We use Logstash extensively within my team as our ETL engine. Things started out simple enough with log file data, but we are at a point where our primary use case is centered around Business Intelligence. All our Incident, Change, Problem, Knowledge, etc... tickets are pushed through our pipelines where we perform extensive ETL to help speed things up on the reporting end. Because of the dynamic nature of the data, the ruby filter has become our friend, as developing standalone plugins has too much overhead for the team and it just works so dang well. Anyway, one or our use cases requires pulling working logs from our tickets that contain JSON objects. Our model has us denormalizing as much data into the parent (i.e. incident, change) record as possible so we needed to find a way to flatten those json objects into the parent document as well as have the ability to manipulate the data prior. There is a JSON filter, but it is very basic and doesn't handle nested objects very well. After researching solutions on the interwebs I was able to put together a nicely portable ruby filter and wanted to share. Be forewarned I am not a coder and I am sure improvements can be made but if it saves you some time then mission accomplished! Also, it isn't going to flatten your array objects but should be easy enough to update the code to accommodate the need.
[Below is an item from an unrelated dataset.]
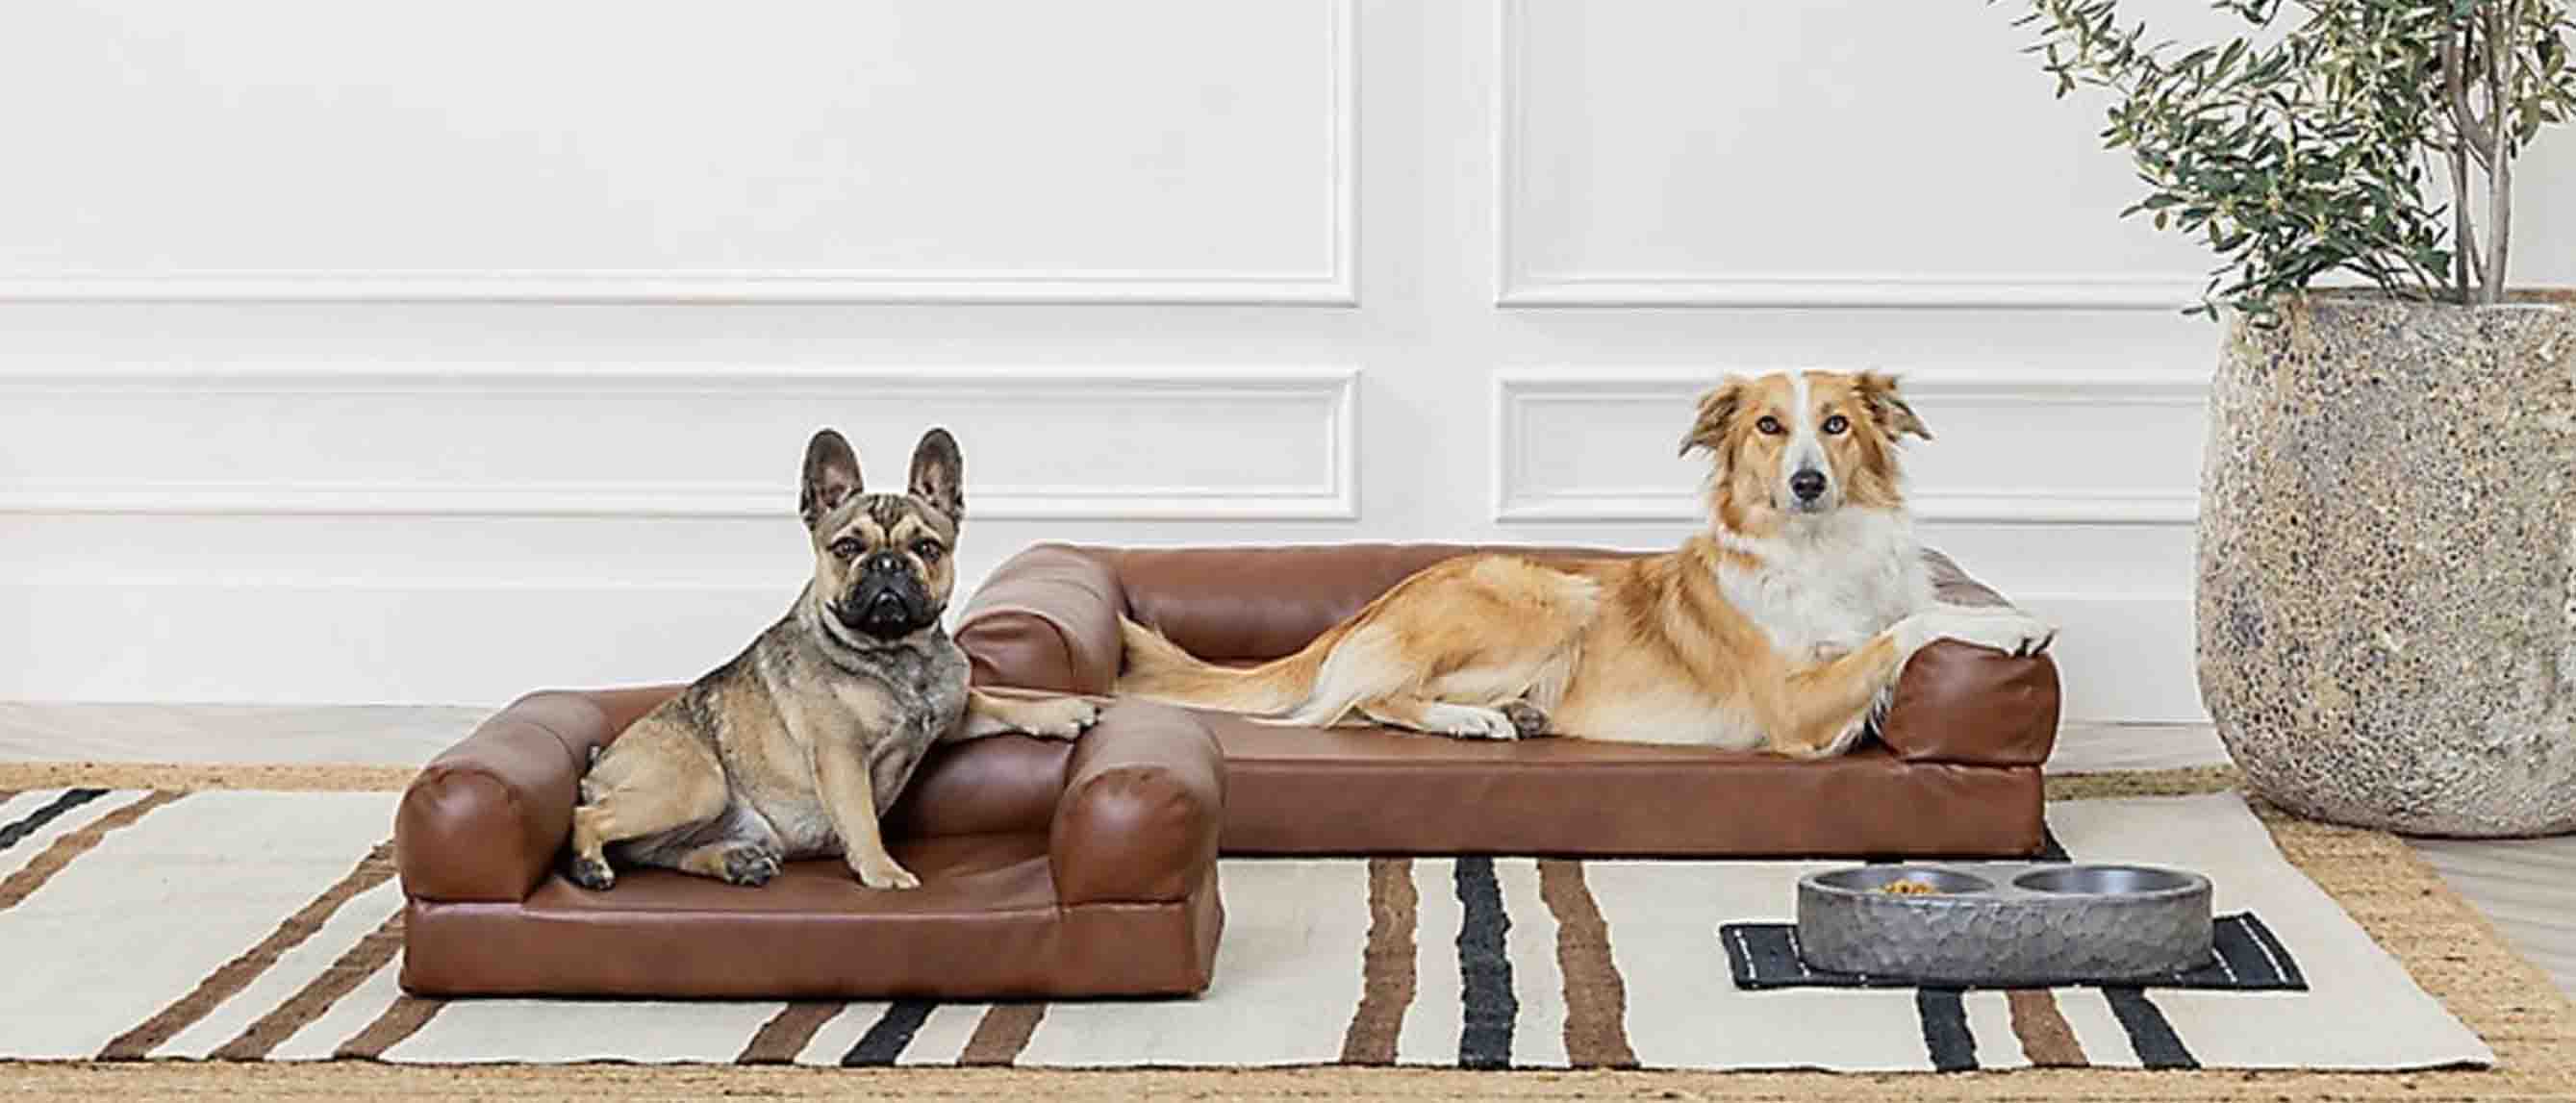 Two dogs on dog beds in living room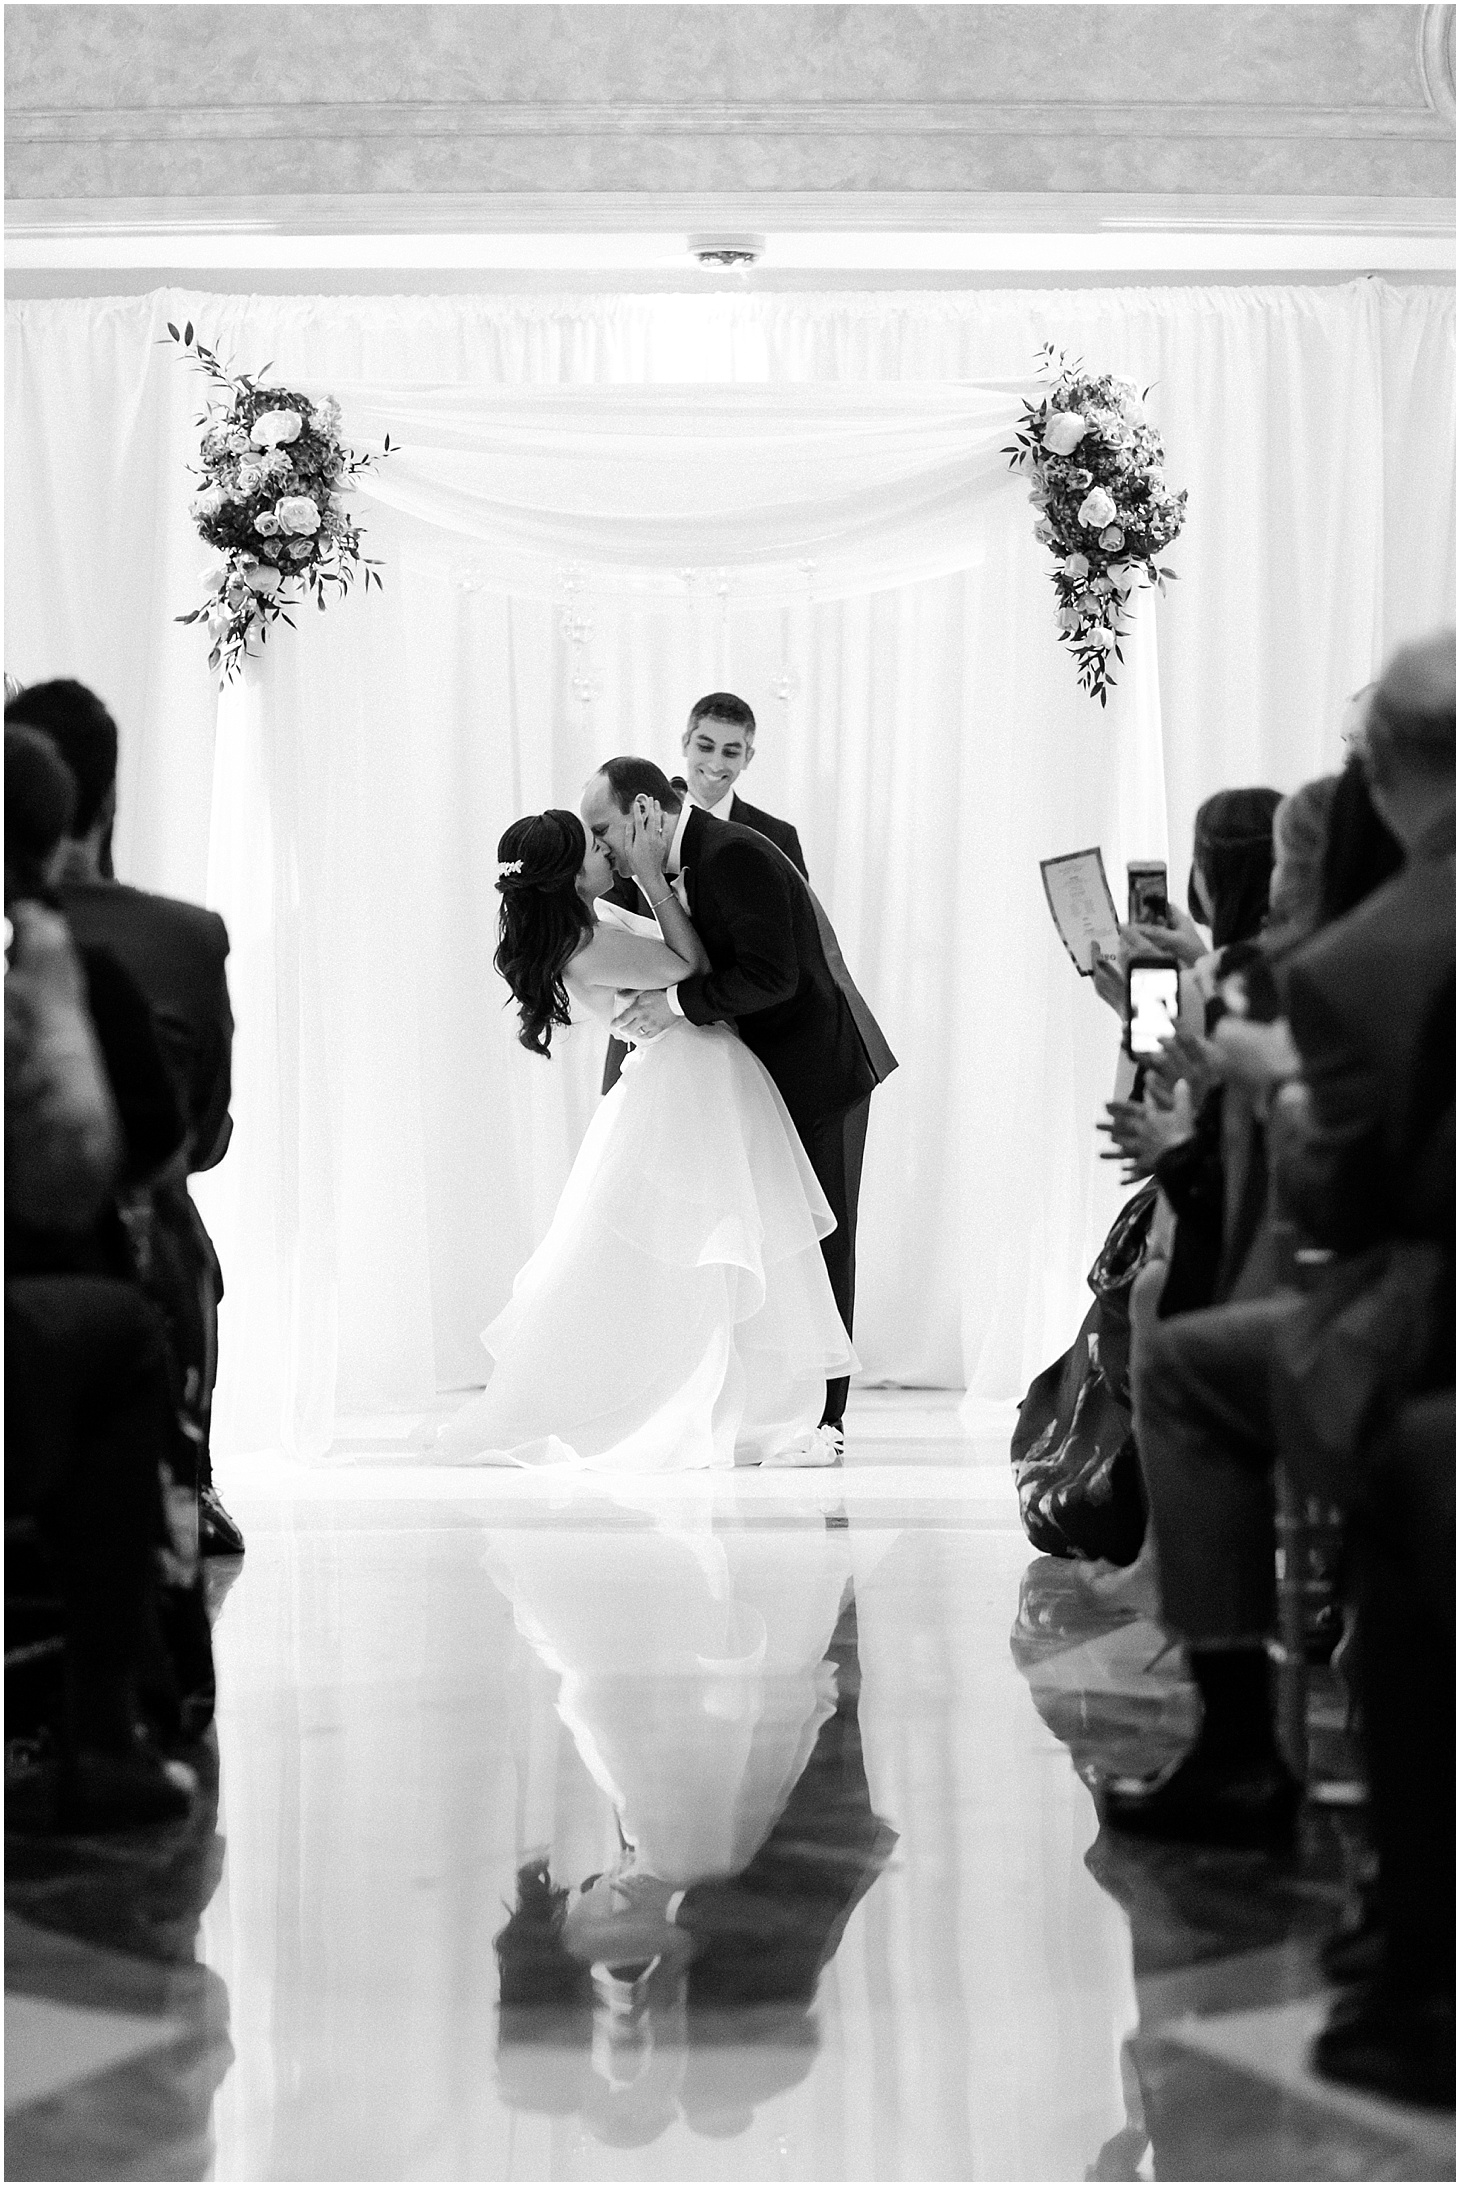 Wedding Ceremony at National Museum of Women in the Arts, Museum-Inspired Spring Wedding in Washington DC, Sarah Bradshaw Photography, DC Wedding Photographer

FYI I am running Logstash 6.4

I shared the code on repl.it so you can test it out for your needs. Has an example JSON...
Link to repl.it code for testing

Below is the pipeline config example:
Those not familiar with using the new script file

    ruby { 
      id => "<provide unique id>"
      #This path will obviously change based on where you store the file
      path => "/etc/logstash/ancillary/ruby-scripts/event-to-json.rb"
    }

Below is the Ruby Filter code. Put this file someplace the logstash process can read:

# the value of `params` is the value of the hash passed to `script_params`
# in the logstash configuration
def register(params)

end

# the filter method receives an event and must return a list of events.
# Dropping an event means not including it in the return array,
# while creating new ones only requires you to add a new instance of
# LogStash::Event to the returned array
def filter(event)
  require 'json'
  
  #What field contains the JSON you are needing to flatten to Logstash event. Need to extract the proper JSON...
  #Left my example:  removing newlines and then pulling out the JSON from the notes field
  vJSON = event.get('notes').gsub(/\n/,'').match(/{.*}/)[0]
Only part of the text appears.